My knee hurts.  Therefore the pain is in my knee and it has causes; possibly I fell on it or I have done too much running.

If I go to a physiotherapist, the chances are very high that a weak gluteus medius and inner knee muscle will be diagnosed.  Strengthen those up, and 10 marathons a year, here we come.  Oh, I may have to get a pair of orthotics to stop everything from wobbling about and causing more pain. ((I have a fractured neck and broken jaw from a bicycle accident some 35 years ago.  My only pain from this was a sore right knee, so I went to a physio and was told I had a weak gluteus medius and inner knee muscle.  I was also prescribed orthotics.  Yes, I ran the London Marathon.  But in recent years, my pain levels have slowly escalated.  I have felt like a cartoon character sliding down a wall, frantically hanging on with her finger nails.  But that is finally reversing, and boy, has it taken some work.  Incidentally, my guts were in poor form and my sleep terrible.  Those are improving dramatically too.  There has to be something in all this sort out the eyes and inner ears stuff since it does seem to work and I’m well on my way to becoming a ninja.))

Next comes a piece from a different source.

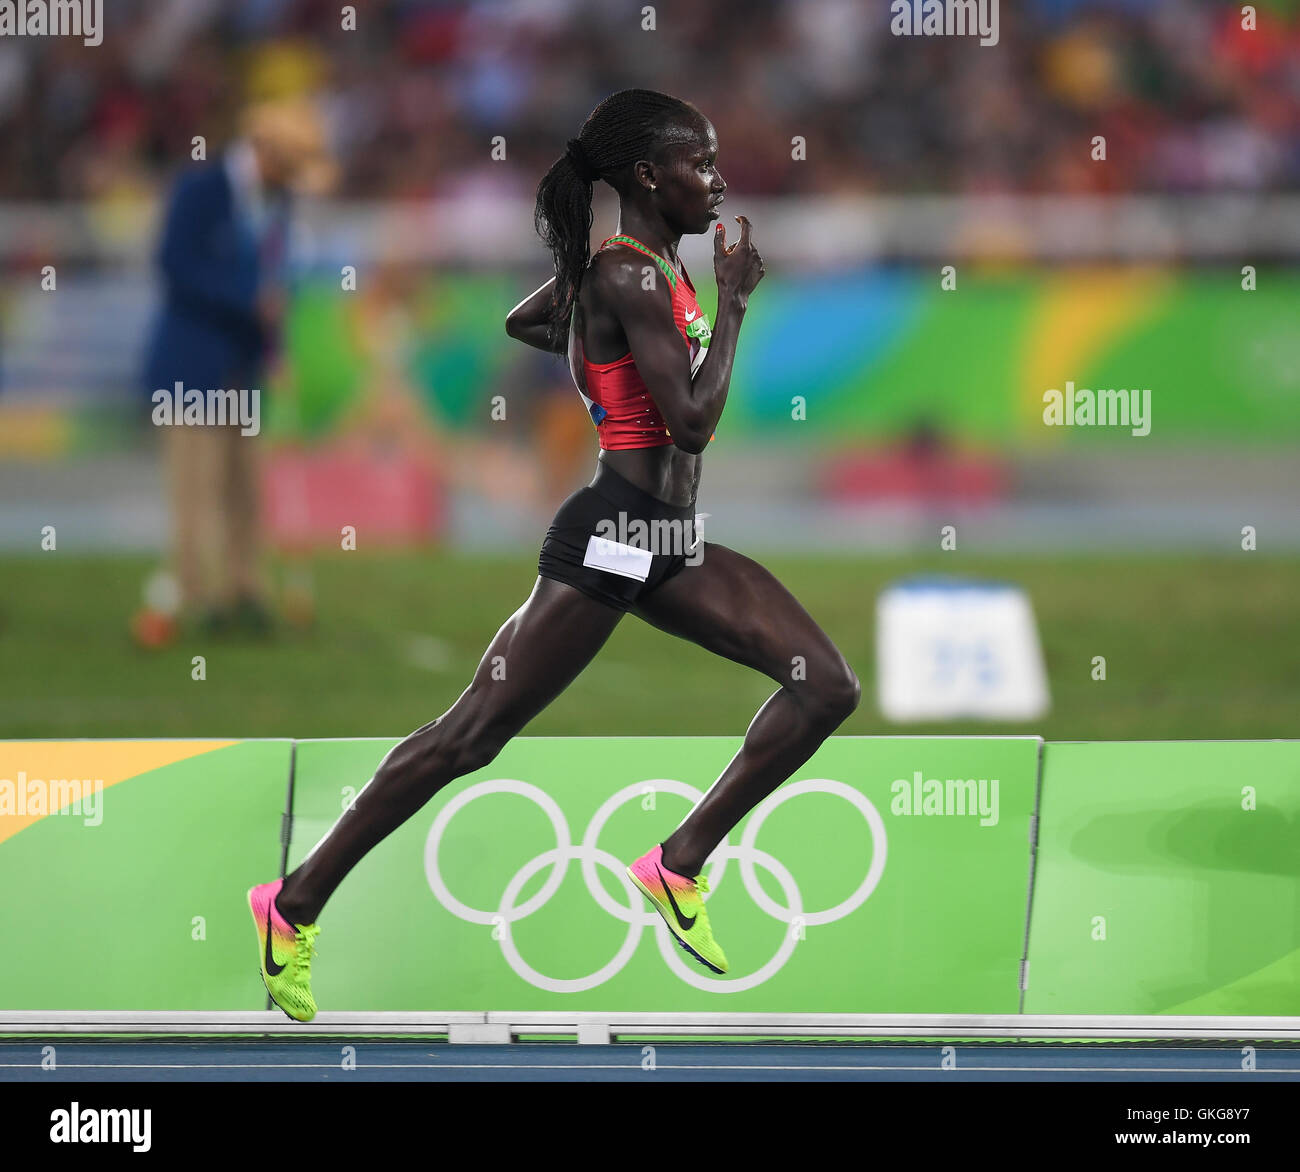 Rio de Janeiro, Brazil. 19th August, 2016. Vivian Cheruiyot of Kenya in the women's 5000m final during the evening session on Day 14 Athletics of the 2016 Rio Olympics at Olympic Stadium on August 19, 2016 in Rio de Janeiro, Brazil. Credit:  Roger Sedres/Alamy Live News Stock Photo

My back hurts therefore the pain is in my back and if I strengthen my core, the pain will go away.

In fact, pain is an action signal from the brain.  The brain says, ‘Oh, this is getting ridiculous.  I am going to make you hurt now so you will pay attention and stop carrying regardless.’

So yes, if we fall over and banjax our ankle, we have to stop most activity whilst we hobble about.

A moment’s reflection may make us realise that hobbling about, although necessary at the time, will banjax the other leg and the other joints in the wounded leg.  And the back.  And the neck.  Potential pain is piling up.

So we go skiing and fall over onto a shoulder.  It hurts and we take care of it.  After a while, it stops hurting as much and its life as normal.  But it never quite stops hurting and as time goes by, pain goes up again and we slowly develop a frozen shoulder.  There are the usual actions on developing a frozen shoulder: do nothing and hope it goes away; go for physiotherapy; have surgery or have a steroid injection.

Dr Eric Cobb, Mr Z Health, has worked with pain and dysfunction for some 25 years and says in all that time he has only come across two true frozen shoulders and both of these started with a virus.  All the others are neurogenic – brain born.

So what’s going on?

Pain is a signal to take action and do something to stop it.  Usually the things we do are directed at the site of pain.  More intelligent therapists may start looking at the spine or elsewhere in the body and most therapists will suggest adopting a healthier working position, for example.

Last week’s blog, ‘How to sort yourself out’ went into the three inputs into the brain, from the body, the eyes and the ears – sound and balance.  Unless these three inputs are sending harmonised signals into the brain, we are all heading for injury and chronic pain of some sort.

In the blog I gave a simple test for the eyes and the inner ears.  Here’s an even quicker one.  Fix a spot some distance ahead of you, and whilst staring at that spot, rapidly turn your head from side to side, being reasonably vigorous about it.  Now walk – or run – towards that spot.  If you are a ninja that was easy.  For most of us, the walk became a hilariously wobbly stagger.  A run was dangerous.  Oh, and before you start, check in a mirror that as you turn your head rapidly, your chin stays parallel to the floor.

So really mending a frozen shoulder/carpal tunnel syndrome/runners knee/back ache/scoliosis and so on requires more than just looking at the pain in the body.  Otherwise either that pain will come back or another one will develop.

But alas, there is more.  Stress.  Yes, that old chestnut.  I have written before about the stress bucket;  as well as the three major information inputs into the brain, the brain also registers the level of stress from daily living: not enough sleep; not enough water drunk; eating crap food; eating irregularly plus the more obvious – getting stuck in traffic, meeting endless deadlines, nuisance calls, not enough money, divorce, death and dereliction. The Long List.

Adding to stress is the huge load on the body from poor posture, poor breathing and old injuries.  Physical damage loads the stress levels by causing poor sleep and gut problems plus pain.

And all this builds up and up until the stress bucket is full to overflowing and the brain, fed up with being ignored, sends its most powerful signal to make us pay attention: pain.

Pain signals us to wake up and Do Something About It.  And to be truly successful, that Something is more than going for a massage.  Or taking to our bed for a few days until we feel better enough to do it all again.

Ignoring pain completely is a surefire way of developing something so nasty, life has to stop.

Pain comes from the brain.  It may live in the body, but addressing it only there will either not make it go away or the pain will emerge elsewhere.  Living a long, extremely healthy, life is highly desirable.  But we do have to pay good attention to get it.

She's 102.  And still playing with fire.
She’s 102. And still playing with fire.